● **DATA PROVIDED**:
=-=-=-=-=

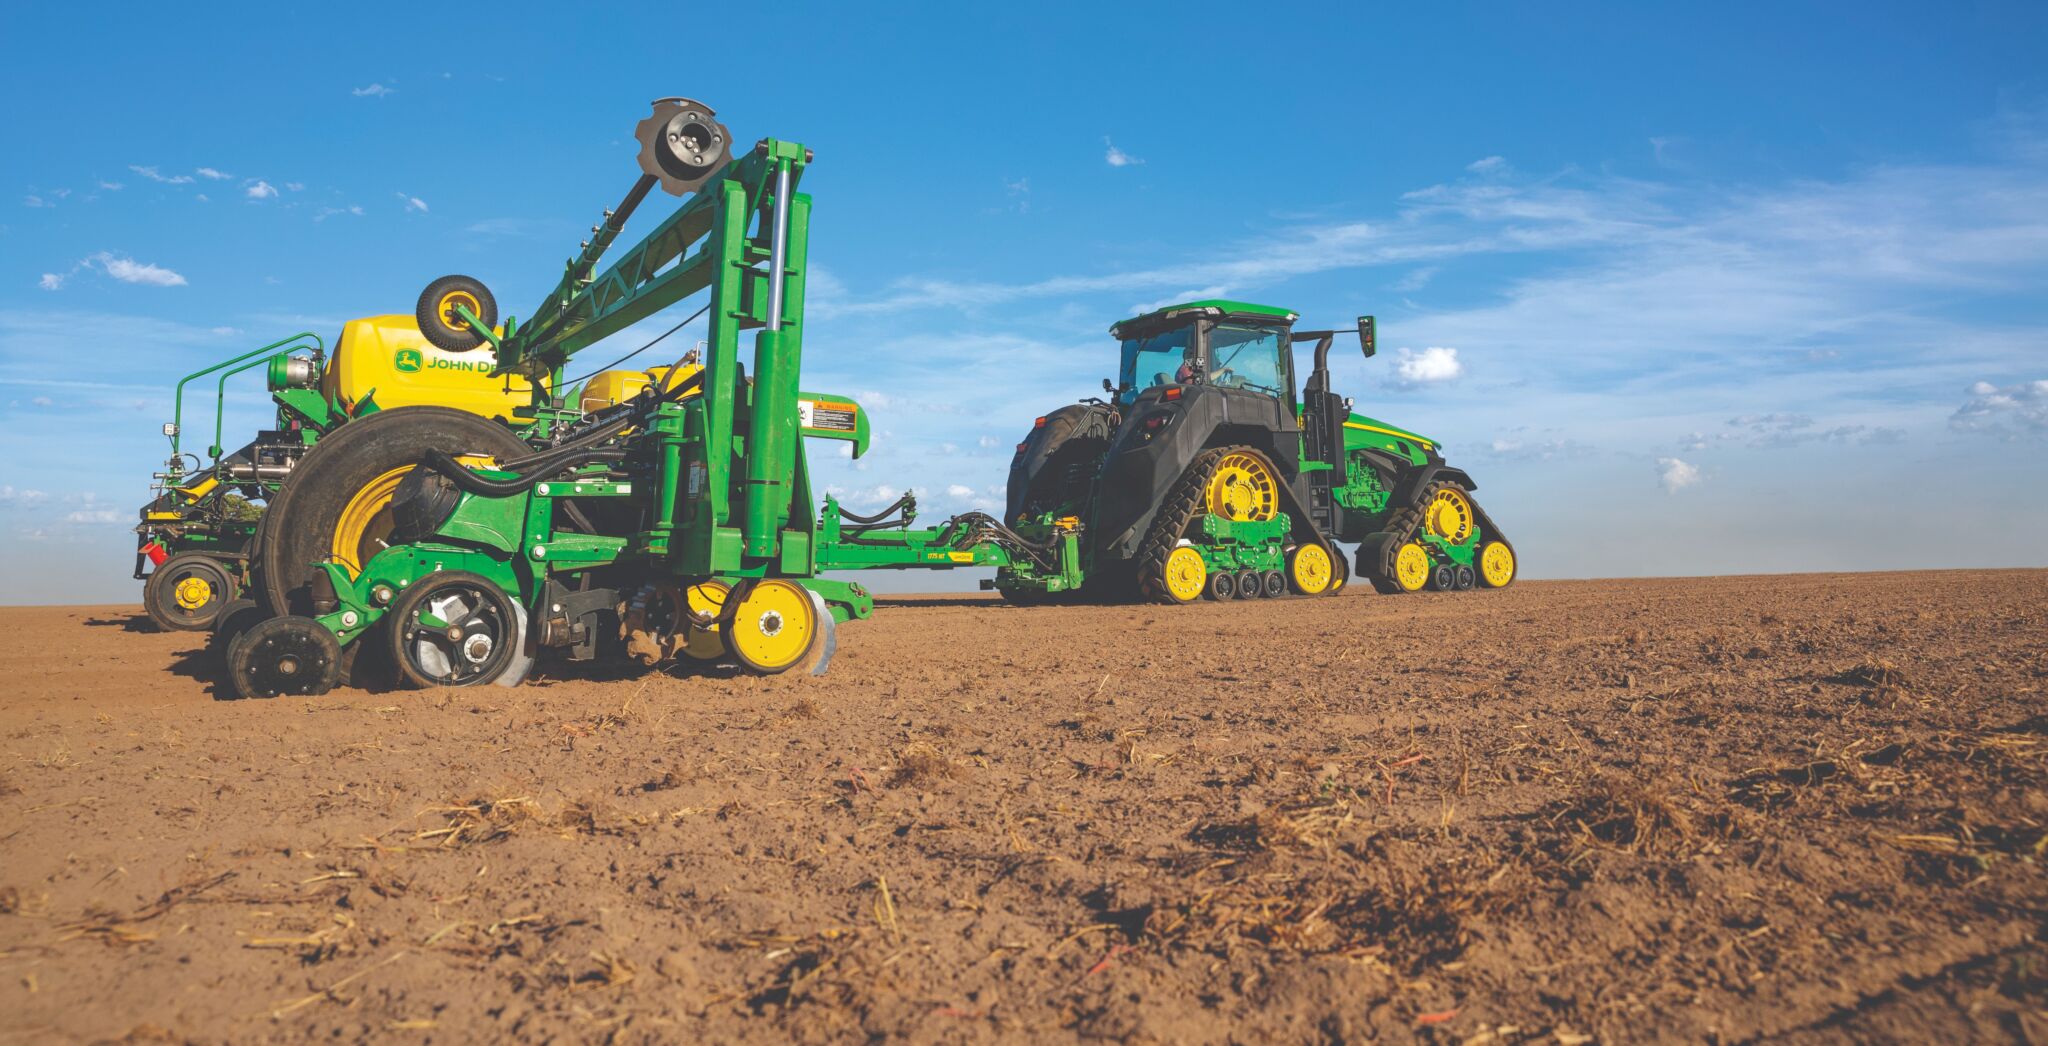 John Deere stellt Elektro-Traktor für emissionsfreie Landwirtschaft vor 
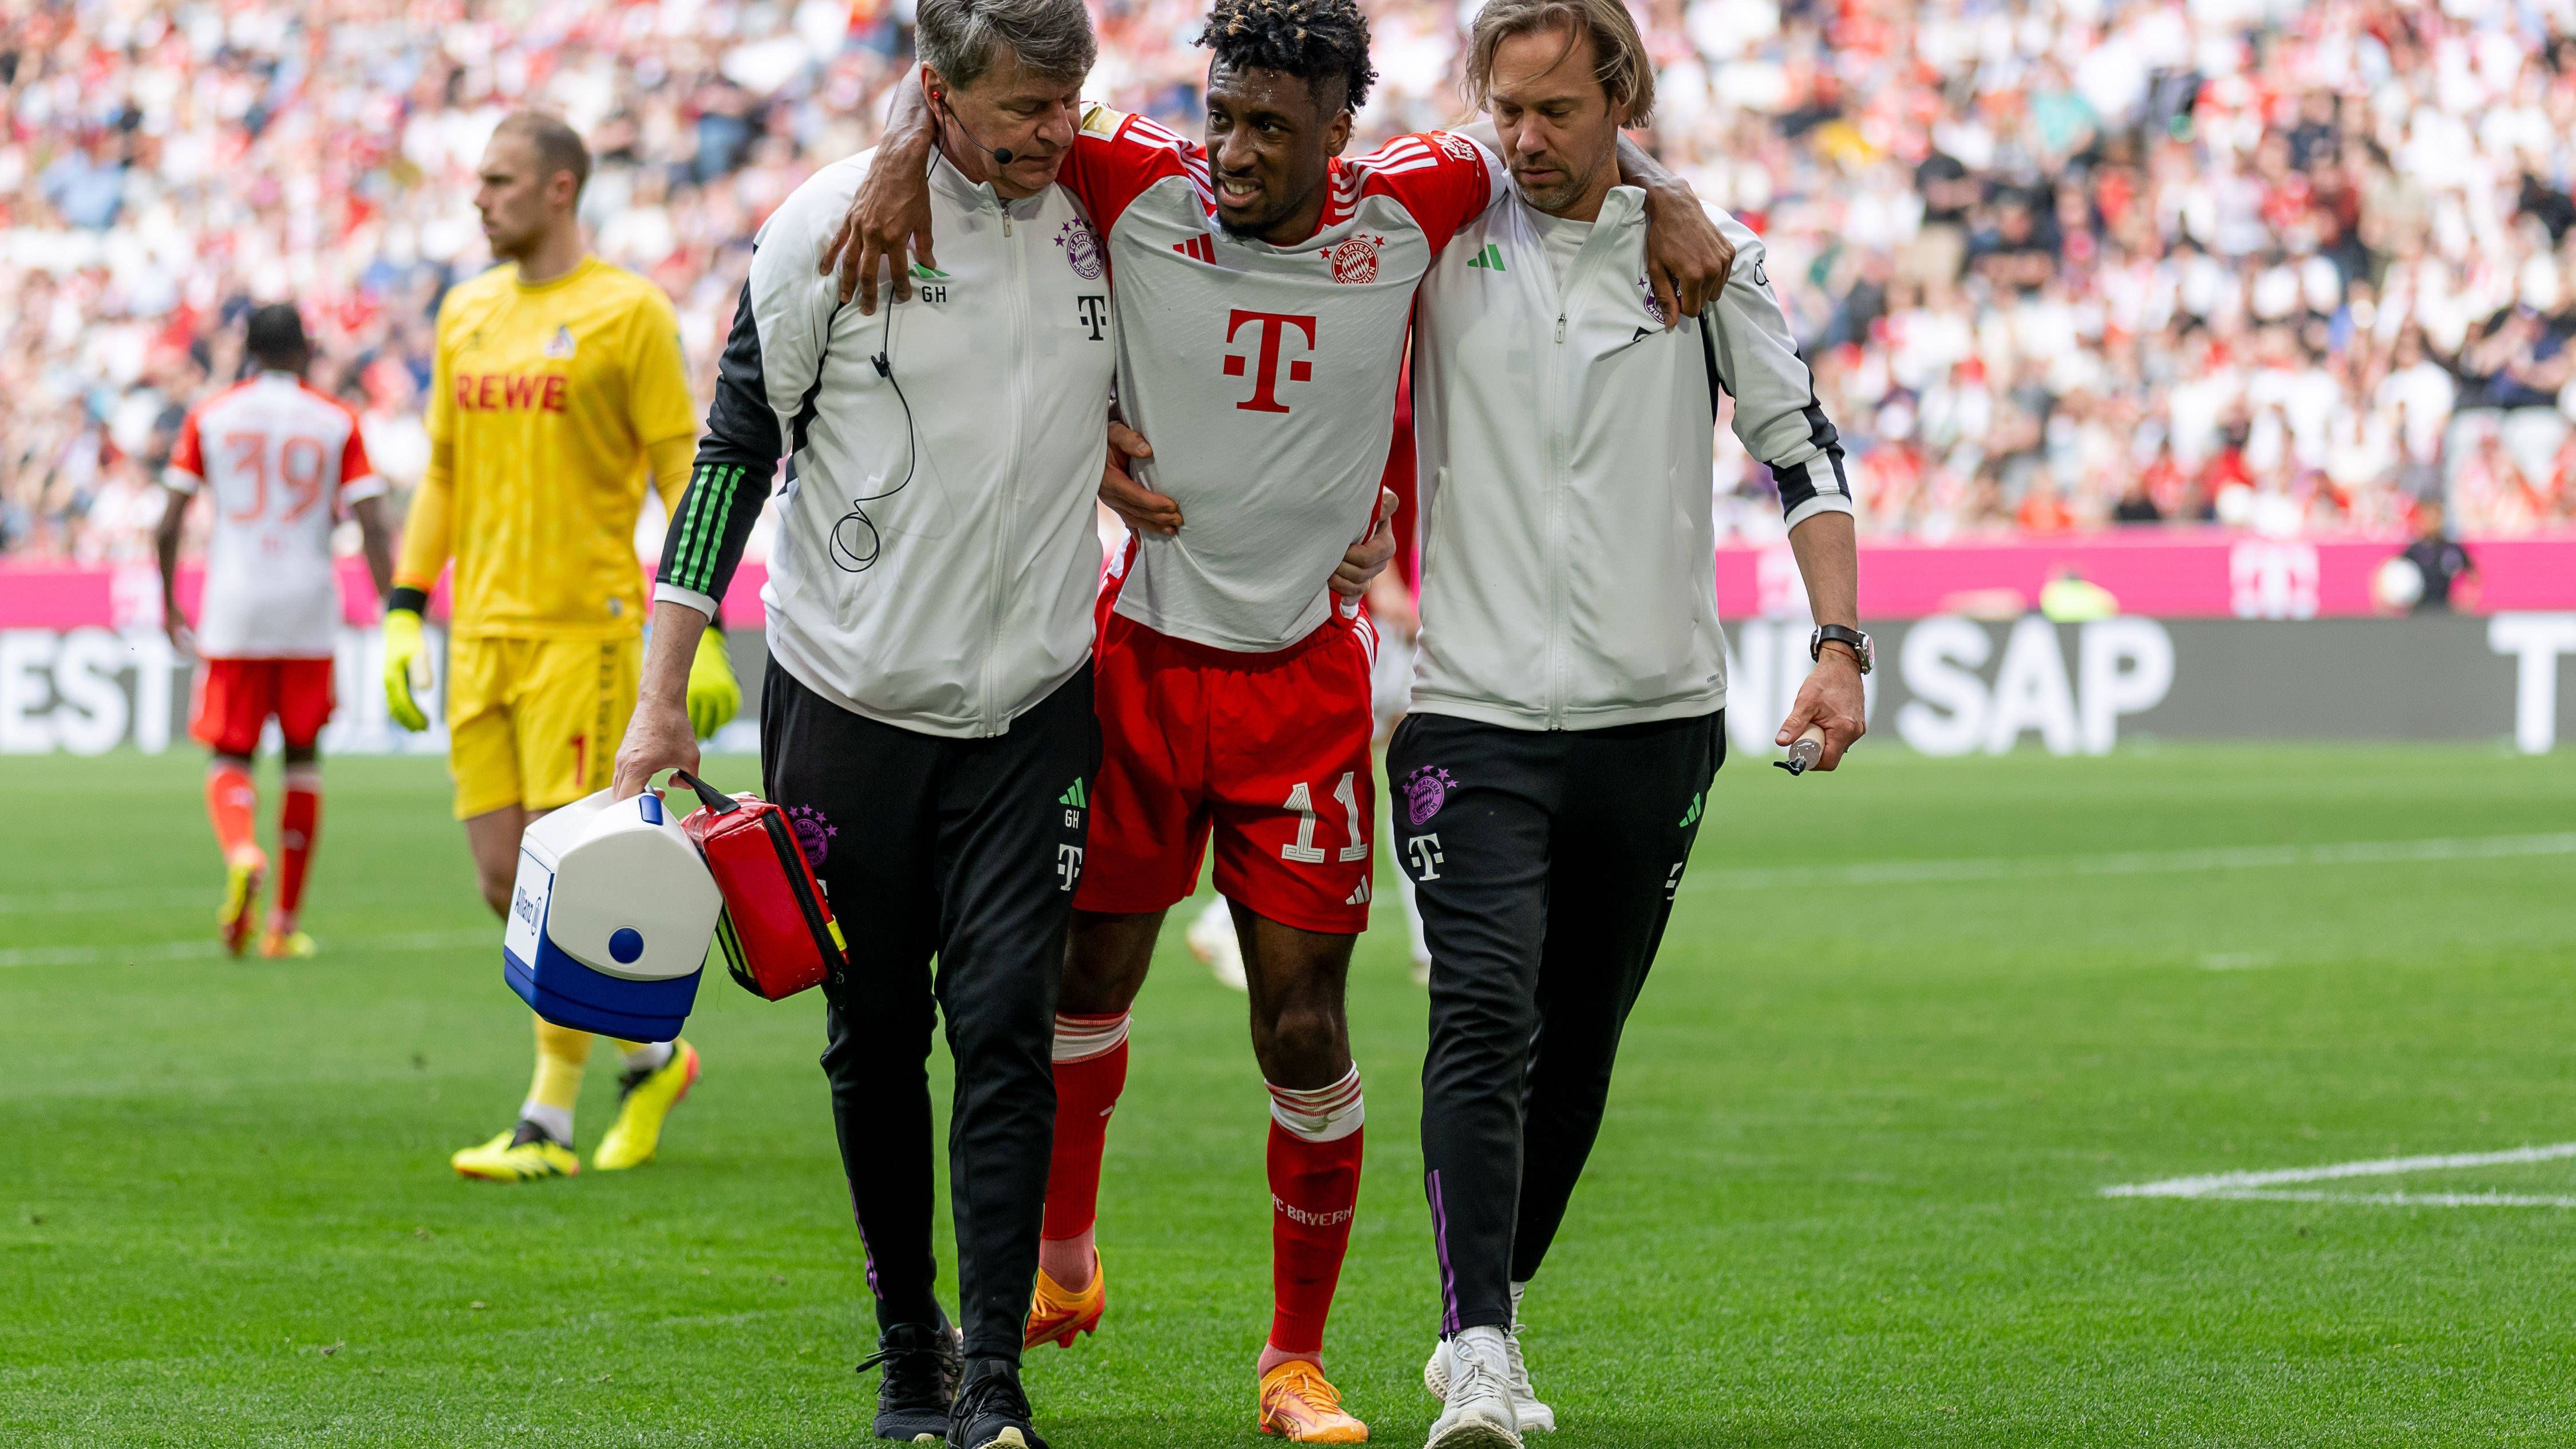 <strong>Die lange Verletztenakte des FC Bayern</strong><br>Nächster Verletzungs-Schock für die Bayern: Kingsley Coman zog sich im Spiel gegen den 1. FC Köln eine Muskelbündelverletzung in den Adduktoren zu und fällt wochenlang aus. Ein weiterer Eintrag in der langen Krankenakte des FC Bayern in der laufenden Saison. Wir werfen einen Blick auf alle bisherigen Münchner Ausfälle (Stand: 14.4.2024).
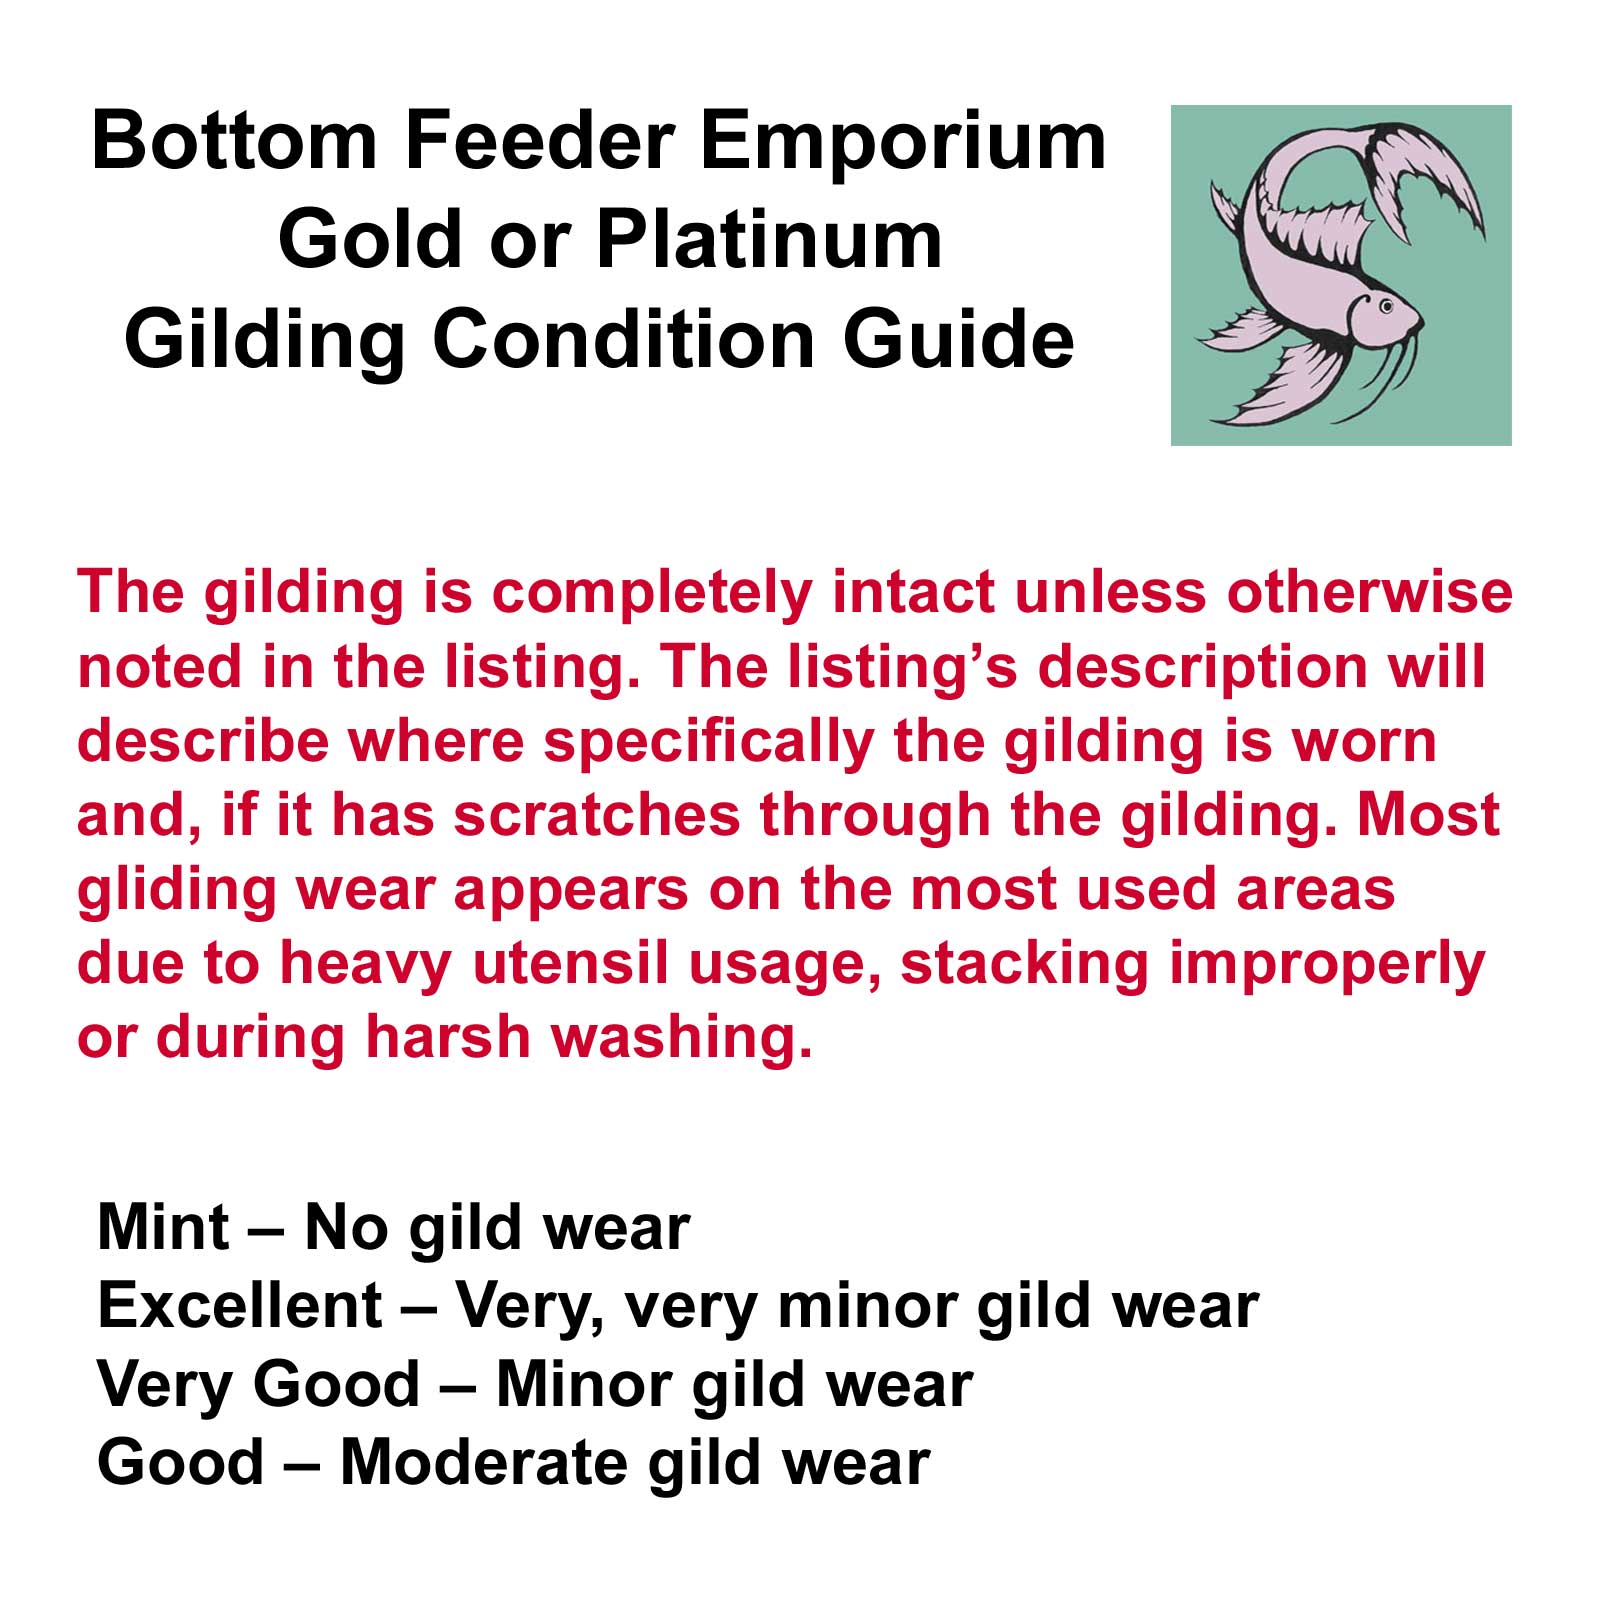 Bottom Feeder Emporium Gold or Platinum Gilding Condition Guide

=-=-=-=-=

● **WHAT YOU HAVE TO DO**: Your reply should consist solely of the lines from the line containing "<strong>Die lange Verletztenakte" through the last line of the listing, unchanged and free of pictures.

● **COMPLETED EXERCISE**:
 <strong>Die lange Verletztenakte des FC Bayern</strong><br>Nächster Verletzungs-Schock für die Bayern: Kingsley Coman zog sich im Spiel gegen den 1. FC Köln eine Muskelbündelverletzung in den Adduktoren zu und fällt wochenlang aus. Ein weiterer Eintrag in der langen Krankenakte des FC Bayern in der laufenden Saison. Wir werfen einen Blick auf alle bisherigen Münchner Ausfälle (Stand: 14.4.2024).
 Bottom Feeder Emporium Gold or Platinum Gilding Condition Guide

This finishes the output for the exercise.